The development of biological therapies has improved management of rheumatoid arthritis. However, costs and unresponsiveness to therapy in a sizeable proportion of patients limit their use, making it imperative to identify new targets for drug development programs. Here we investigated the melanocortin-receptor type 3 (MC(3)) pathway. Gene-deficient mice were subjected to a model of serum-transfer-induced arthritis and joints analyzed for gene expression (cytokines, MCs) and morphology. Pharmacological analyses were also conducted in this model. Osteoclastogenesis was studied from bone marrow cells. Mc(3)(-/-) mice displayed an exacerbated inflammatory arthritis, associated with prominent bone erosion and higher articular expression of Rankl. Osteoclastogenesis studied from Mc(3)(-/-) bone marrow cells revealed a higher degree of responsiveness to Rankl, linked to prolonged NF-κB activation compared to wild types.

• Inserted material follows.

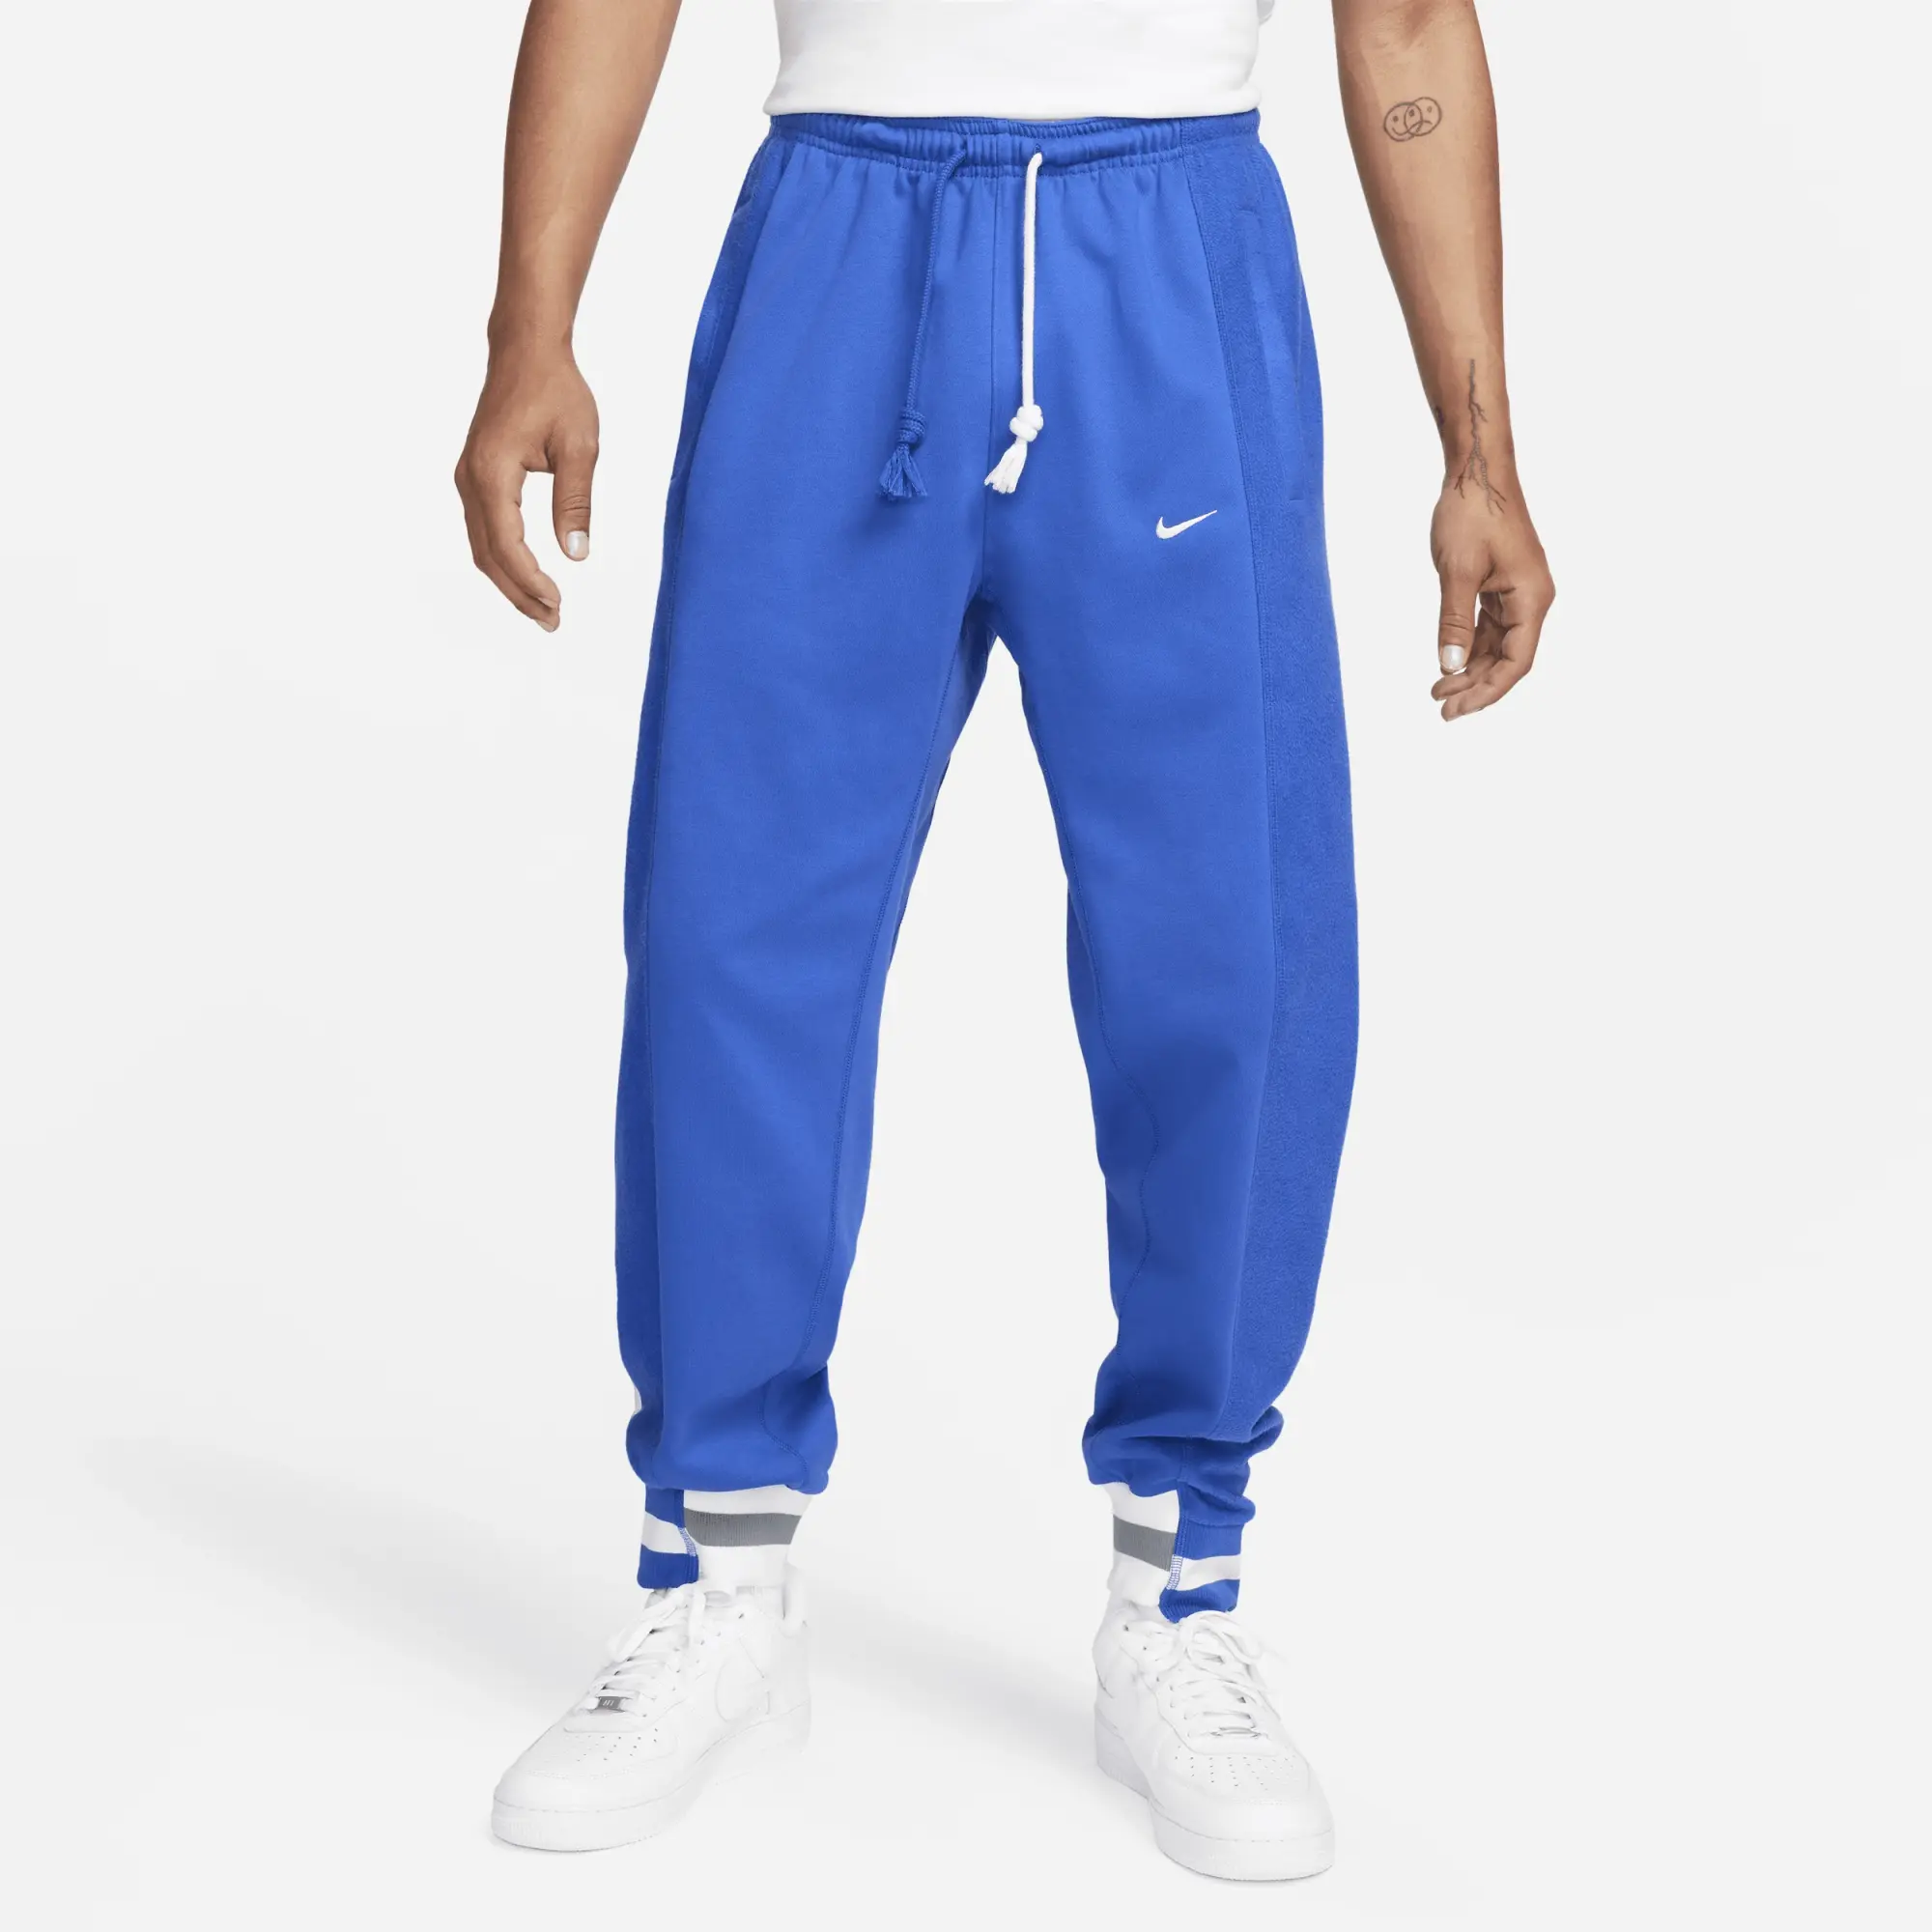 Nike Dri-FIT Standard Issue Men's Basketball Trousers - Blue
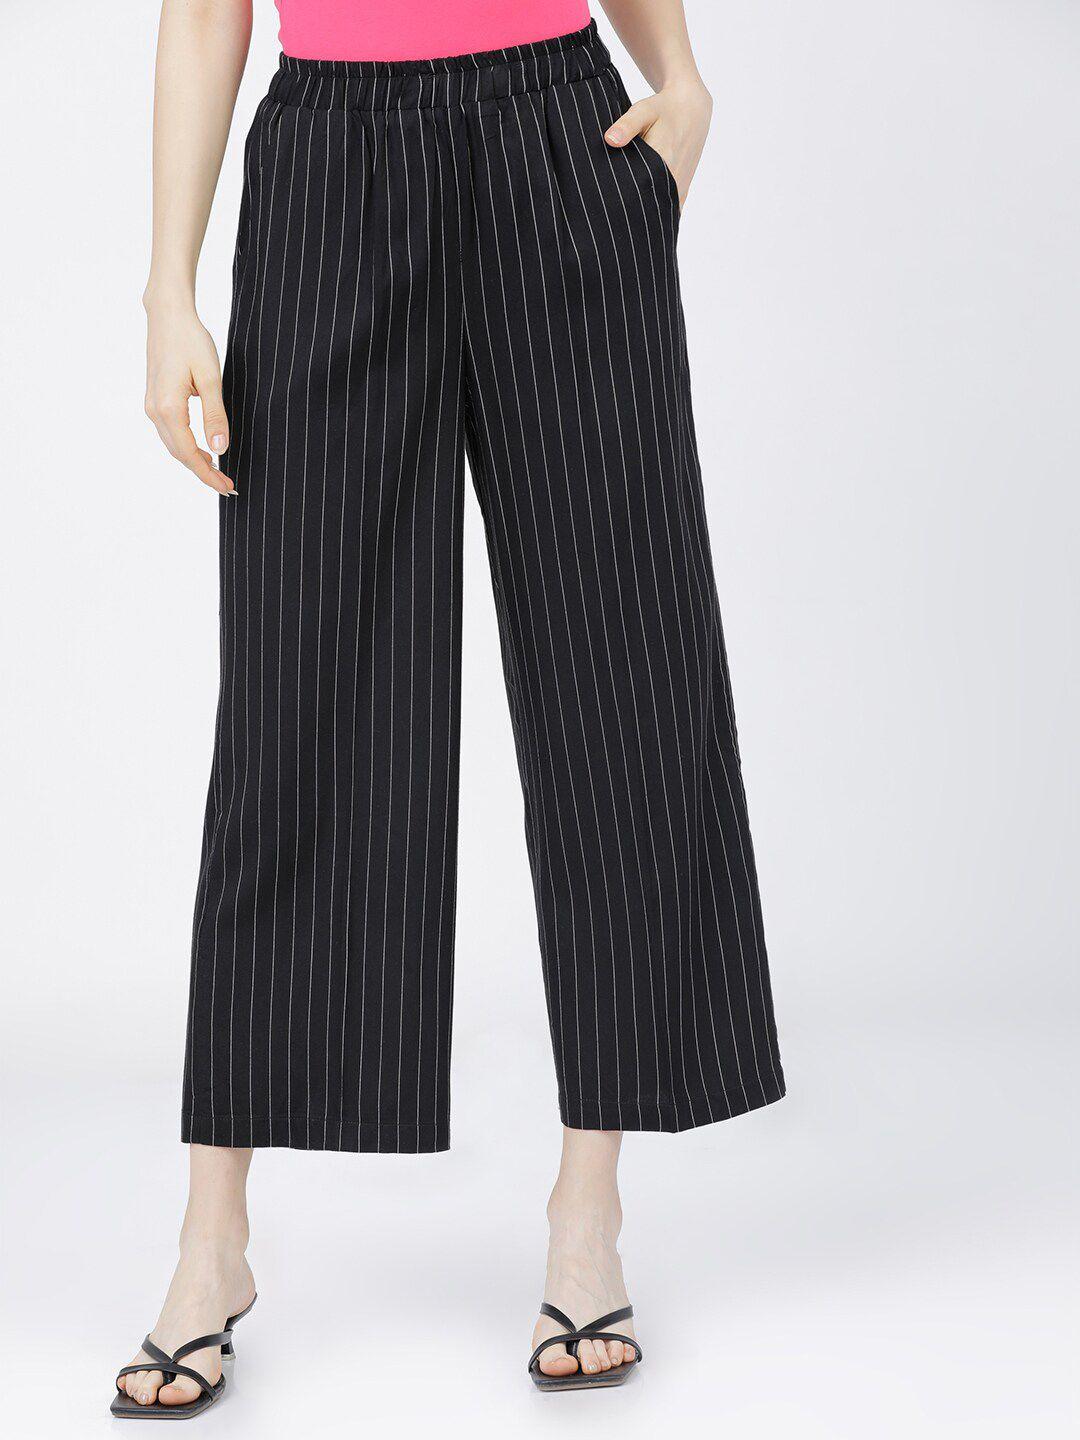 tokyo talkies women black striped slim fit culottes trousers

Up-regulation of a discrete set of inflammatory genes, including Il-1β, Il-6, and Nos2, was measured in Mc(3)(-/-) mice, and a marked up-regulation of joint Mc(3) accompanied arthritis resolution in wild-type mice. Administration of an MC(3) agonist, D[Trp8]-γ-MSH, attenuated disease incidence and severity in wild-type but not Mc(3)(-/-) mice. Overall, these findings identify MC(3)-mediated signaling as a beneficial pathway in experimental arthritis; hence this receptor is a novel target for the development of therapeutics for arthritis.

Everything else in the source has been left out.